Work required: Print the listing below exactly, minus its pictures.

Data below:
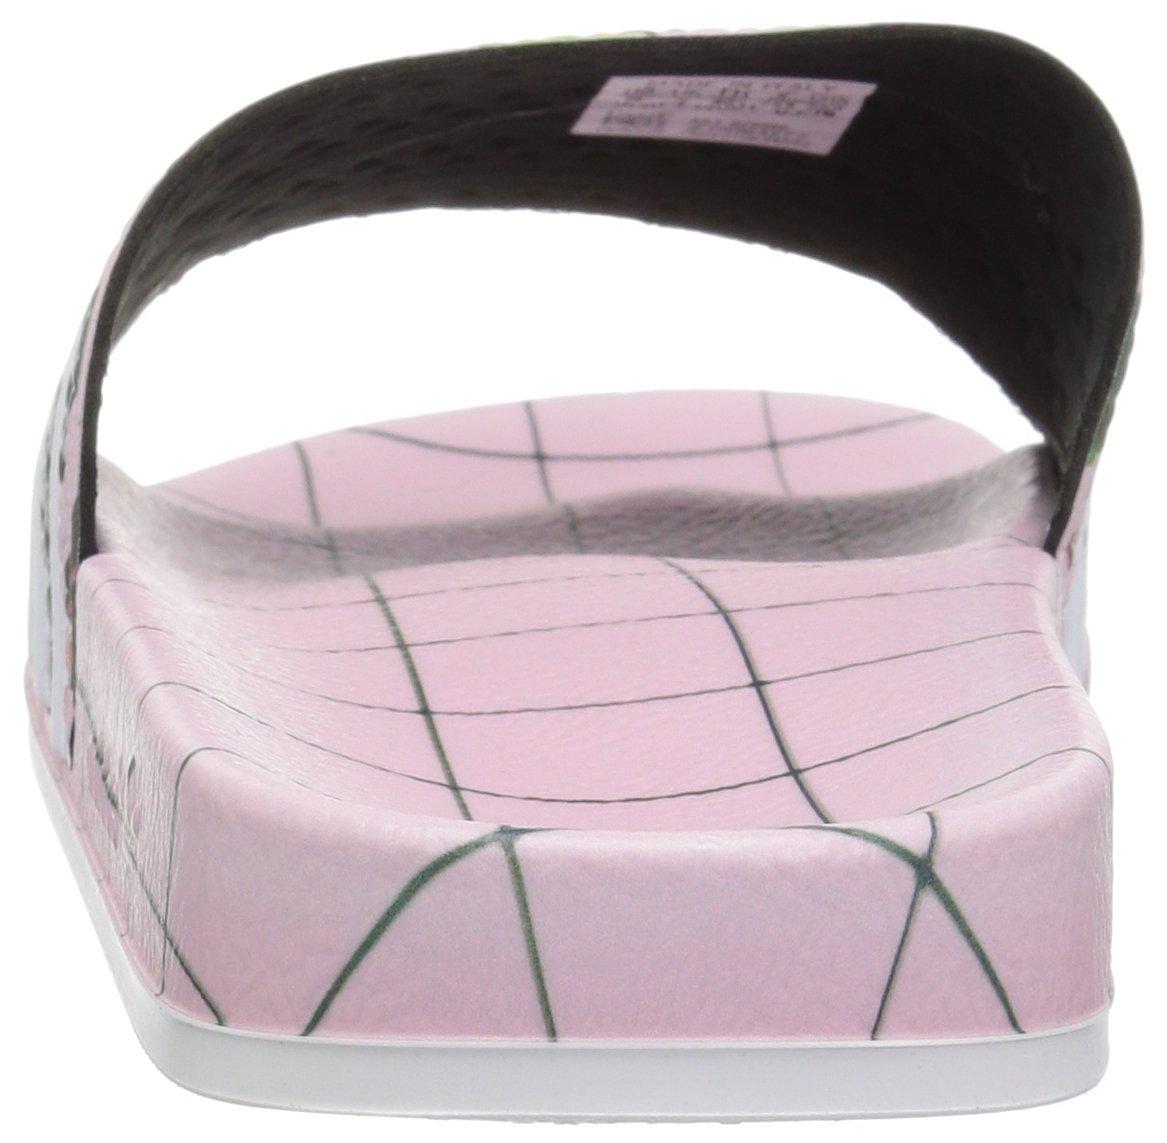 adidas Originals Women's Adilette Slide Sandals B077X9KBXF 9 B(M) US|White/Wonder Pink
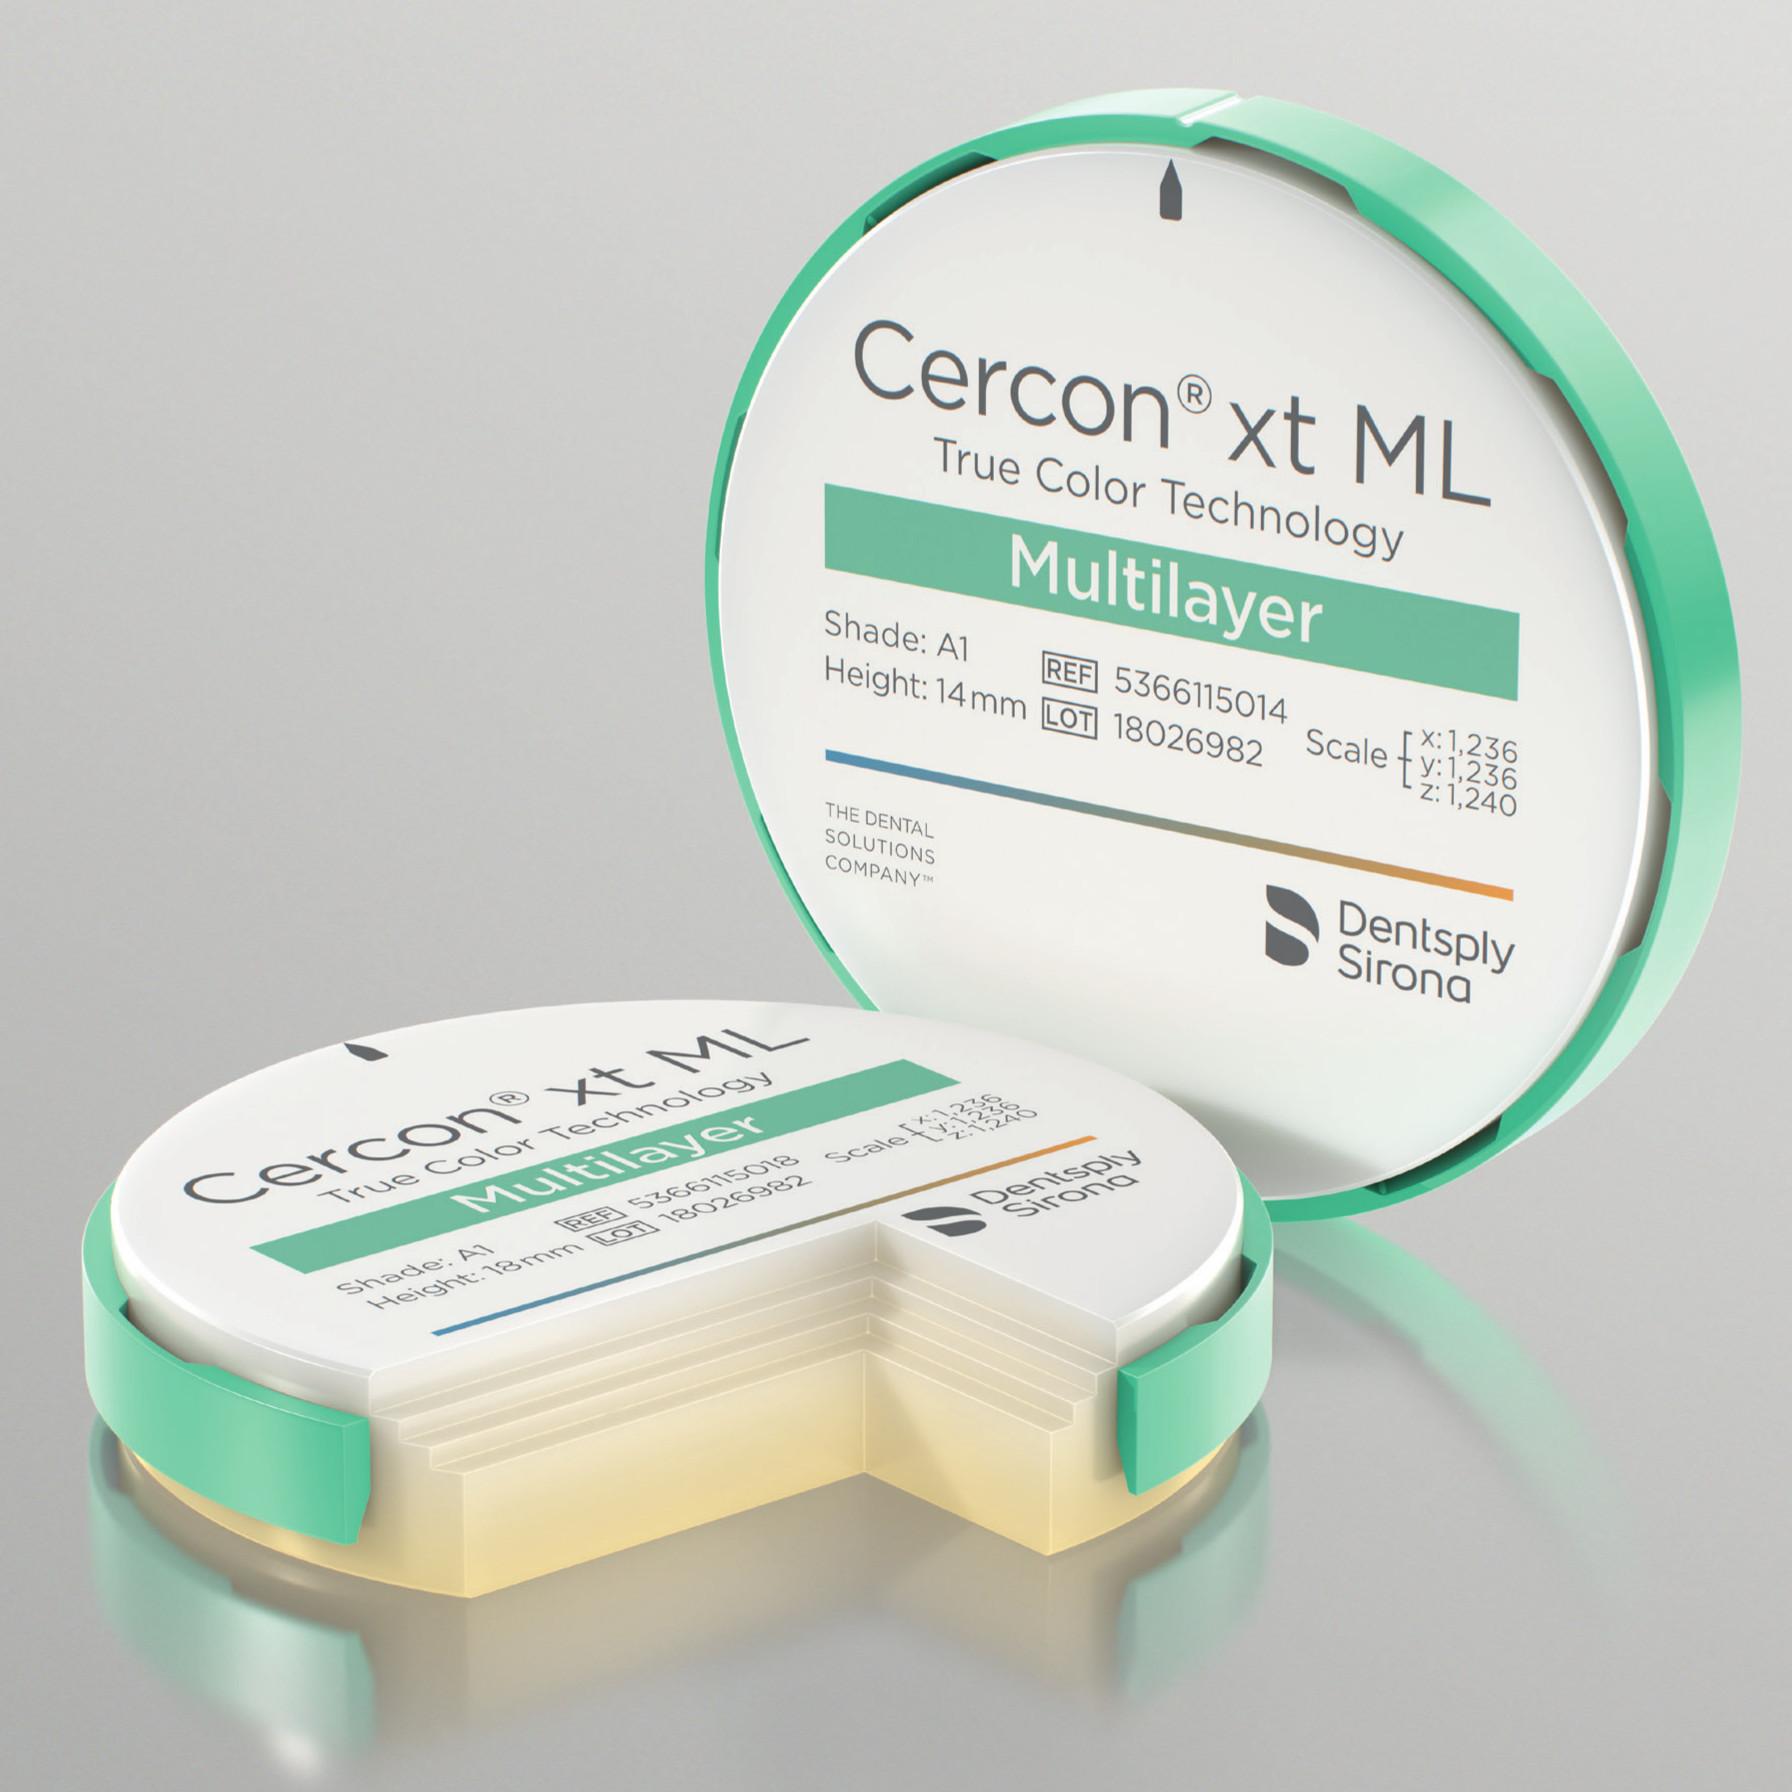 Cercon® xt ML – Zirconia Extra Traslucente multistrato
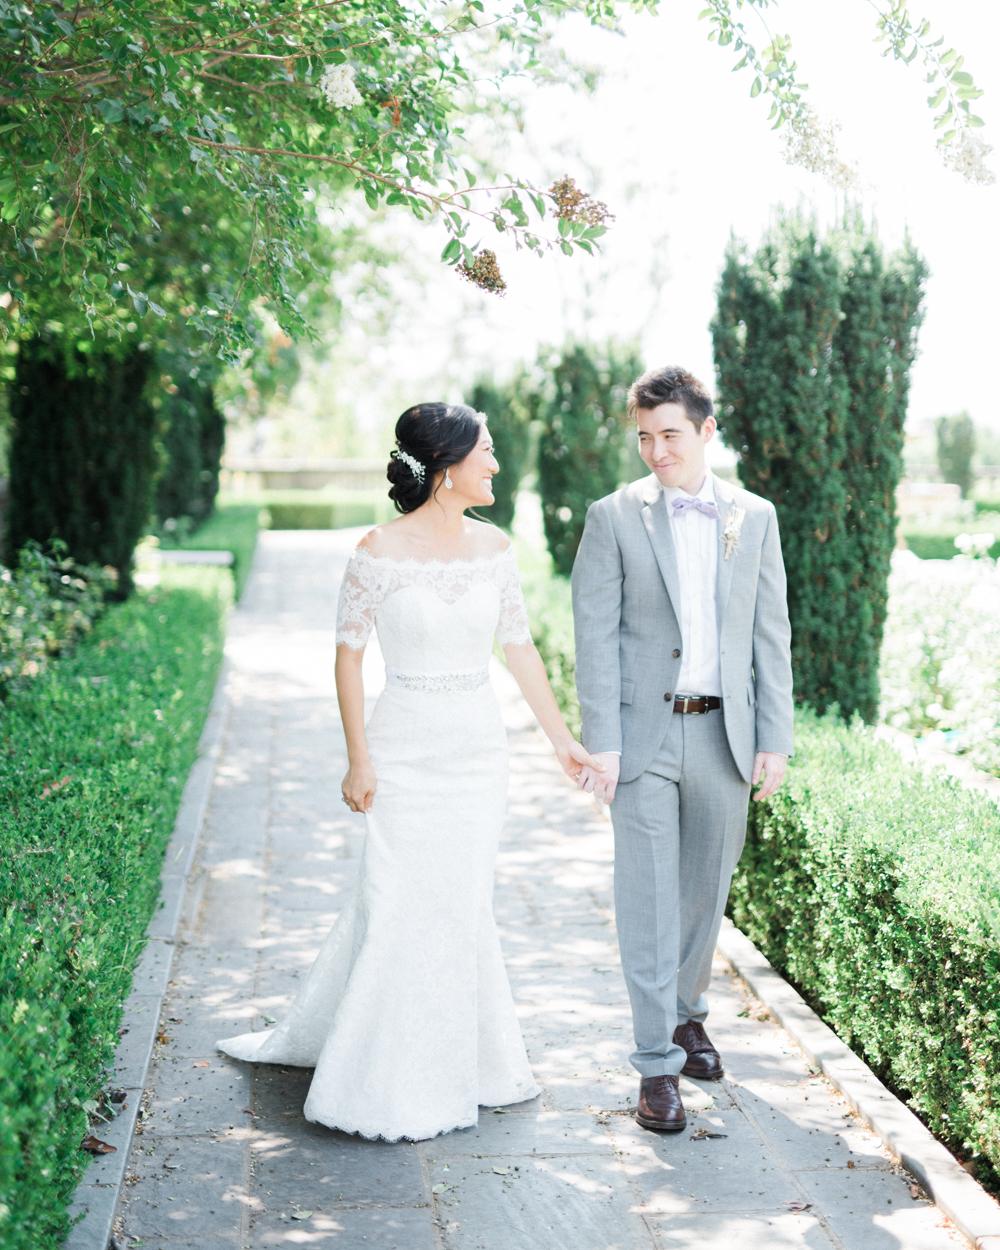 AKP_Greystone_Mansion_Wedding_Fine_Art_Film_Wedding_Photographer-9.jpg
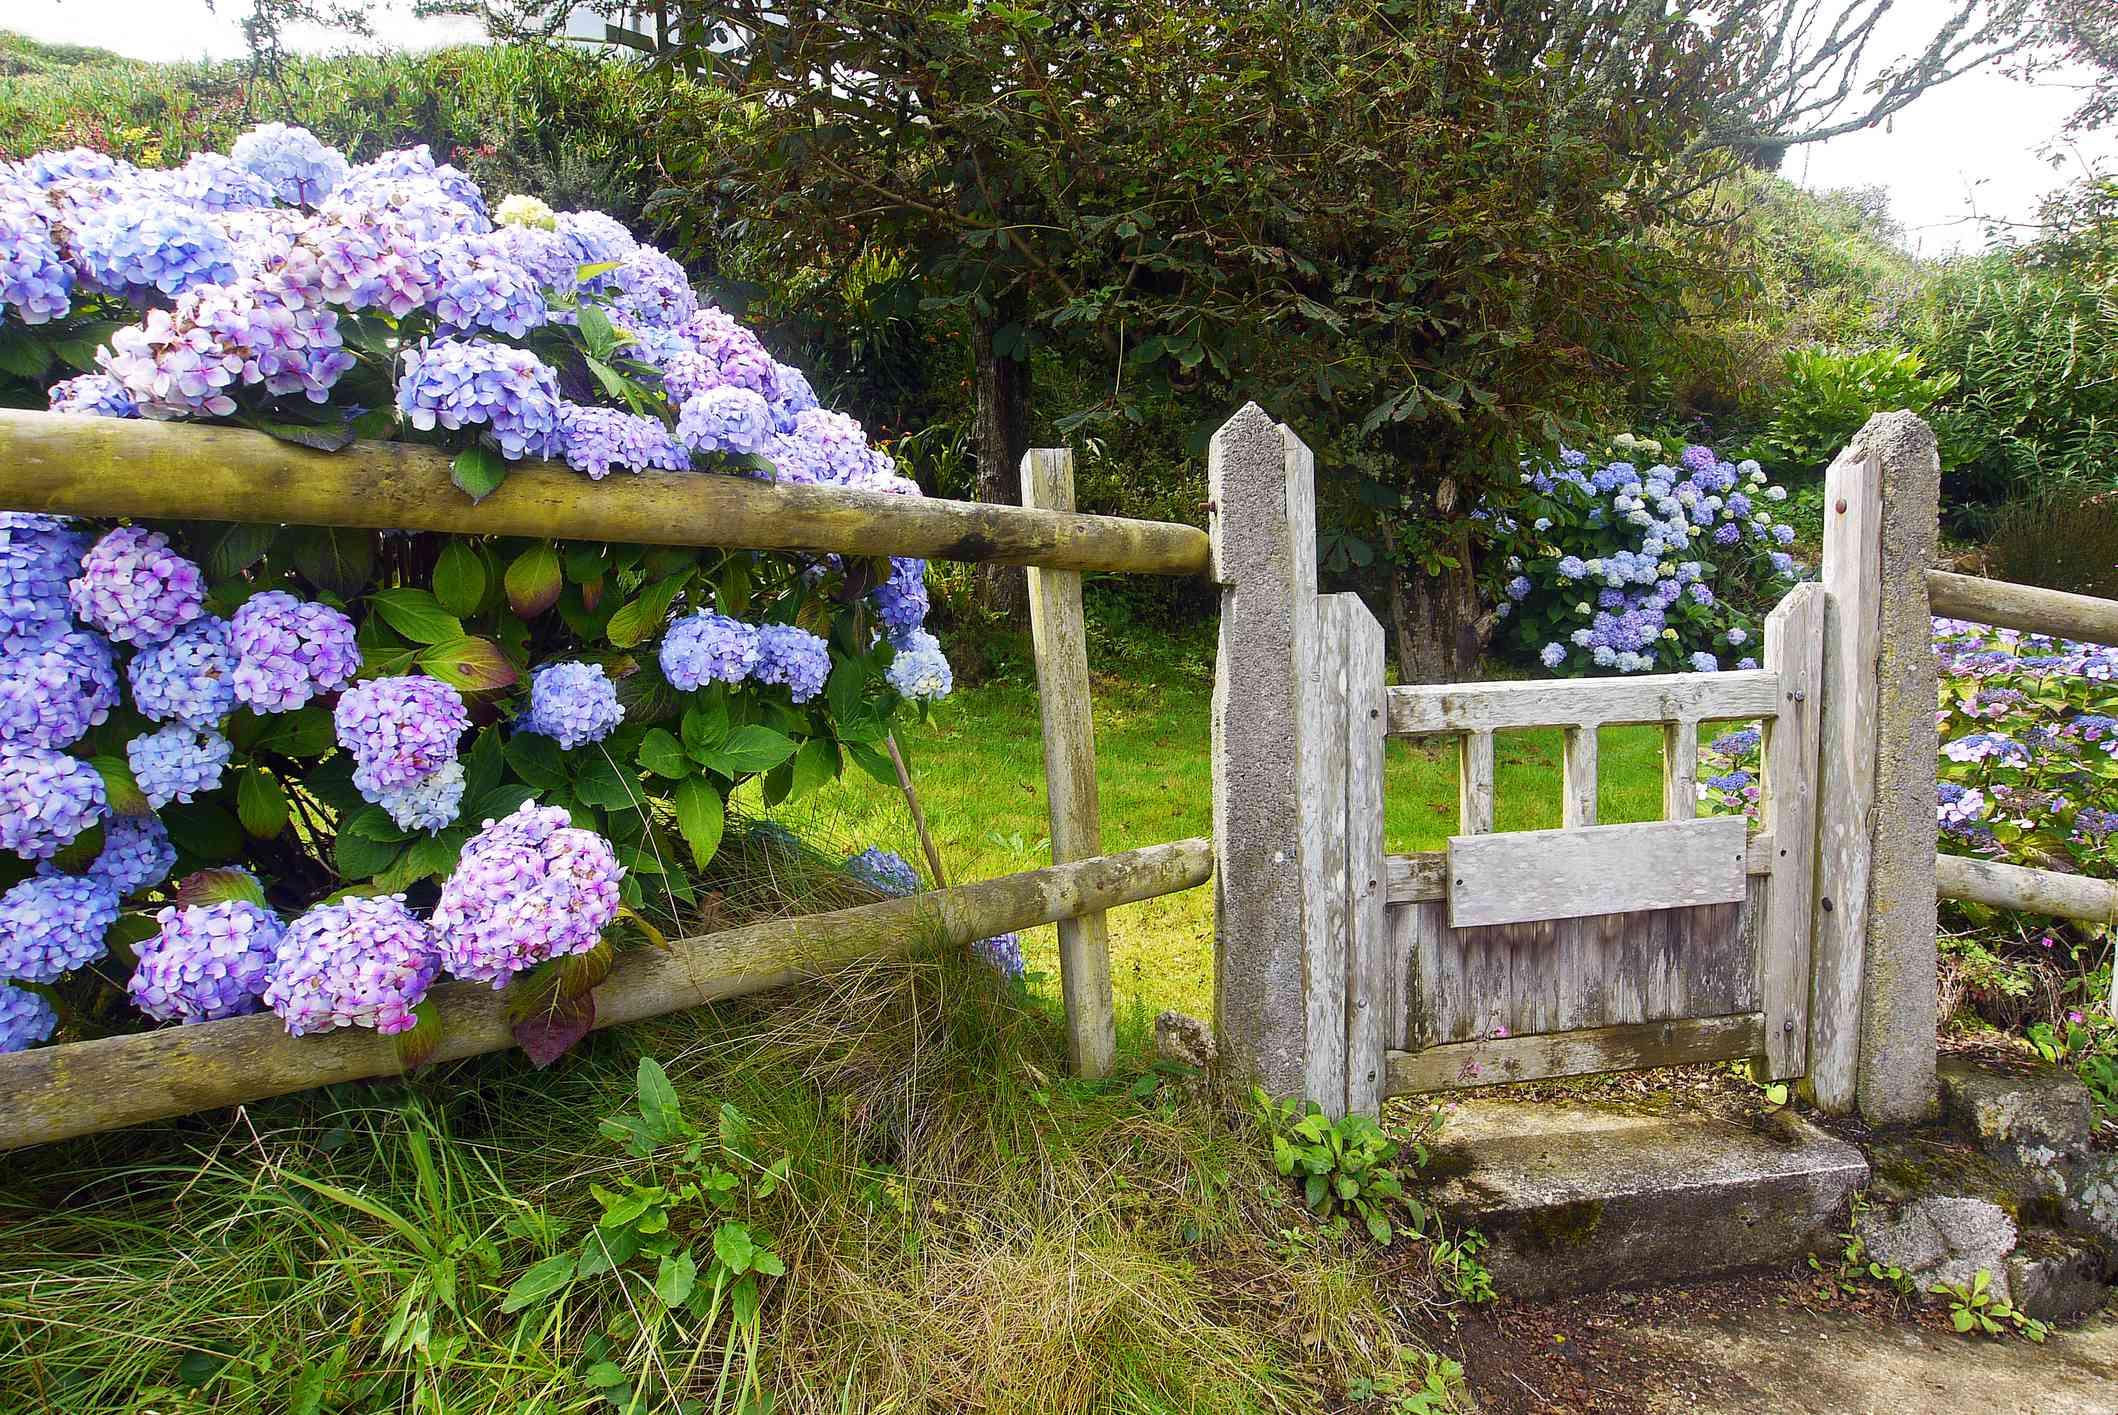 Blue hydrangea bush along a fence

Exercise answer:
 adidas Originals Women's Adilette Slide Sandals B077X9KBXF 9 B(M) US|White/Wonder Pink
 Cercon® xt ML – Zirconia Extra Traslucente multistrato
 AKP_Greystone_Mansion_Wedding_Fine_Art_Film_Wedding_Photographer-9.jpg
 Blue hydrangea bush along a fence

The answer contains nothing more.